Word for word, set down every line of the entries below from the line with "Play Time - Das" to the line with "Croquet (AF-455) - Hexadic Color Palette", including both, and no other line.

[Opening Dataset extract section]

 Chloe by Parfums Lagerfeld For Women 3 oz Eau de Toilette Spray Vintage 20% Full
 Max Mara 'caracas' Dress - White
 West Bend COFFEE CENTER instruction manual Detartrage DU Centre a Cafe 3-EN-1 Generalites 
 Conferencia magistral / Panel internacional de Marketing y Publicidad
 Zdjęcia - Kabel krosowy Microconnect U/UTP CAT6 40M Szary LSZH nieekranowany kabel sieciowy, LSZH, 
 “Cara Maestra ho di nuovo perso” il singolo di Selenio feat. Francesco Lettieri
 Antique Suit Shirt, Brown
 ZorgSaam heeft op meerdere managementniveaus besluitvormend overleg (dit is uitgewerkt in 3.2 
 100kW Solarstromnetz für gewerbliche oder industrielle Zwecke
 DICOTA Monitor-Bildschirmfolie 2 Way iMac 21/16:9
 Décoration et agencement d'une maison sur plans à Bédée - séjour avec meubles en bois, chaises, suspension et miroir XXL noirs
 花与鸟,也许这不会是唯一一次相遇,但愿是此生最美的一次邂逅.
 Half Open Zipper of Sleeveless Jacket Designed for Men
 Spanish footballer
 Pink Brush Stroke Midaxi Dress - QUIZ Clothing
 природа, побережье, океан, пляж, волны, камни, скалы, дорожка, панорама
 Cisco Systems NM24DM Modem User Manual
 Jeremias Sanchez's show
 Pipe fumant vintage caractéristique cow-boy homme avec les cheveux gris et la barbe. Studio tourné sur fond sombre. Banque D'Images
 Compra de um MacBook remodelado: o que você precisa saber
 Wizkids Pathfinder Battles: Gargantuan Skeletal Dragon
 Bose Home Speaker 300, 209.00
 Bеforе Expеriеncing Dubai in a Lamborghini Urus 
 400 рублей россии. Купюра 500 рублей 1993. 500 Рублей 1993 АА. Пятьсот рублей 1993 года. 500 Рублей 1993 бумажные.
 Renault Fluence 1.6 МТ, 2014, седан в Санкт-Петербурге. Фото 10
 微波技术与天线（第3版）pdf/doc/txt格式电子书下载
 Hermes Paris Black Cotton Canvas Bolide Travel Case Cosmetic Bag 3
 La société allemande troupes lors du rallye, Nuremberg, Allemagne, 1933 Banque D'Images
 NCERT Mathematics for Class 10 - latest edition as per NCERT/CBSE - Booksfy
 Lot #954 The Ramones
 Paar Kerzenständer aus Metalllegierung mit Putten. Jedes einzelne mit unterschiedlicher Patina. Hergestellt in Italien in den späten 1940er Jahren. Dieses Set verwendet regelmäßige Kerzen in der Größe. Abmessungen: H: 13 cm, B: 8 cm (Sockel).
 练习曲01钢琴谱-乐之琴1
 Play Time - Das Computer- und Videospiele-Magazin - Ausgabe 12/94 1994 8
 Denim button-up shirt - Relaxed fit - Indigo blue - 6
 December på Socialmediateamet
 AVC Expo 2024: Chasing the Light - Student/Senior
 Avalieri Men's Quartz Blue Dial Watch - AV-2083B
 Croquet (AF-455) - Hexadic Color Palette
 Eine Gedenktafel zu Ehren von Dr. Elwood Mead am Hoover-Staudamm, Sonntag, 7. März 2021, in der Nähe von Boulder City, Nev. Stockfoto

[Closing Dataset extract section]

■ Result of the task:
 Play Time - Das Computer- und Videospiele-Magazin - Ausgabe 12/94 1994 8
 Denim button-up shirt - Relaxed fit - Indigo blue - 6
 December på Socialmediateamet
 AVC Expo 2024: Chasing the Light - Student/Senior
 Avalieri Men's Quartz Blue Dial Watch - AV-2083B
 Croquet (AF-455) - Hexadic Color Palette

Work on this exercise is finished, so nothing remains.